Выбрать главу

— Они с барышней Ортанс, — ответила Мари.

— Знаю. Но все-таки и вам тоже необходимо пойти к ним.

Она снова уставилась на догорающее пламя заката, и Бизонтен понял, что думает она о потерянной своей отчизне и о том, другом лесе, где остался навеки ее муж. Должно быть, она тоже догадалась о его мыслях, потому что голос, ее, когда она заговорила, дрогнул:

— Скоро следа от его могилки не найдешь.

— Да нет. Даже если крест сломали, я на деревьях метку сделал.
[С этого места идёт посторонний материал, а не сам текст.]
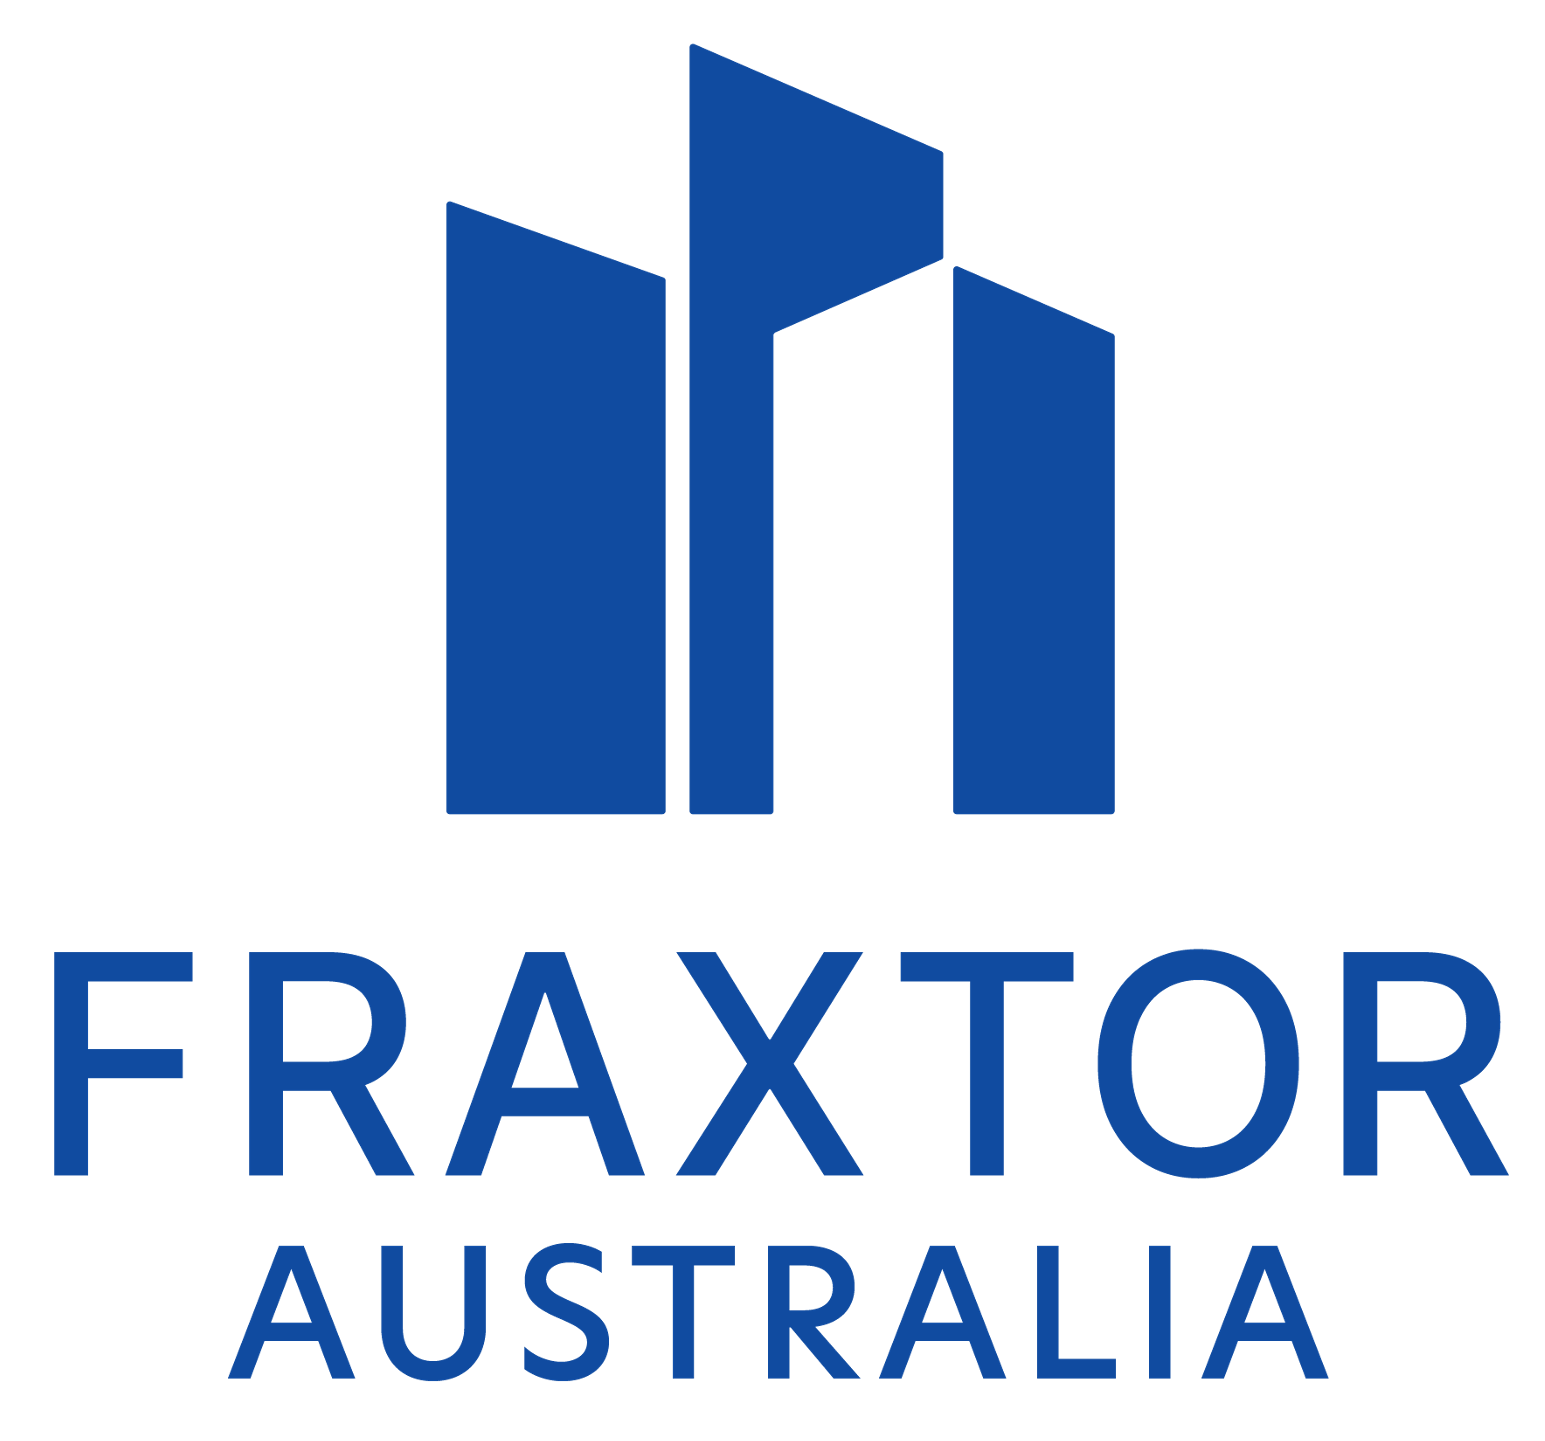 Fraxtor Australia

Он не находил в себе смелости снова ее потревожить. Ему казалось, что в этой женщине есть какая-то особая хрупкость. Но наконец он решился:

— Идите-ка, побудьте с ними.

Она покорно позволила взять себя за руку, и несколько шагов они сделали в молчании, первой заговорила она:

— Когда барышня Ортанс пришла ко мне после похорон бедного моего Жоаннеса, она меня поцеловала и ни слова не произнесла. Но так она на меня посмотрела… Другие тоже приходили, но с ней, даже не знаю, как бы вам объяснить, все как-то иначе было.

— Правильно, — подтвердил Бизонтен, — я всегда говорил, что она не такой человек, как все прочие.

— А сколько ей лет? — спросила Мари.

— Должно быть, двадцать шесть.

— Столько, сколько и мне.

В молчании они подошли к повозке эшевена, но тут Бизонтен остановился. Мари тоже остановилась и взглянула на него.

— Видите ли, — начал он, — эта девушка много претерпела. Она была помолвлена с одним молодым человеком из Андело. Несчастного убили на дороге, когда он шел к ней… И кто убил, так никому и не известно: серые ли мундиры, французы ли, саксонские солдаты или кто-нибудь из Кюанэ… Скоро уже год тому будет. Поначалу думали, что она сама жива не останется… А потом к нам пришла беда. Тут она и стала всем помогать, и это-то ее спасло… Бывает, что в горе люди замыкаются в себе. Им только их боль важна. А другие, как Ортанс, посвящают себя людям, и в конце концов такие, как она, начинают верить, что и они кому-то нужны. Пускай иногда она странной кажется, вот вы увидите, какая это душа.

Бизонтен замолк. Ясно было, что Мари вовсе его и не слушает. Она снова устремила на закат глаза, где горела неизбывная тоска.

7

Вот уже два часа они шагали в темноте, но постепенно освоились с ней. Да и лошади, должно быть, тоже привыкли, так как обоз шел тем же порядком, что и прошлой ночью, когда лунный свет ярко заливал плато. Разница лишь в том, что сейчас весь передний план был как-то размыт. Даль исчезала под угольно-черным небом, которое словно бы накрыло их темным куполом. Они чувствовали над собой этот купол, хотя и не видели, но небо было здесь, над головой, нависало над ними и двигалось за ними по мере того, как двигались вперед повозки.

Бизонтен потуже затянул веревкой тряпки, которыми были обмотаны его башмаки, и завязал веревку узлом под самыми коленками. Стало удобней идти, да и шаг стал легче, почти такой, каким перемерил он десятки дорог в бытность свою странствующим подмастерьем.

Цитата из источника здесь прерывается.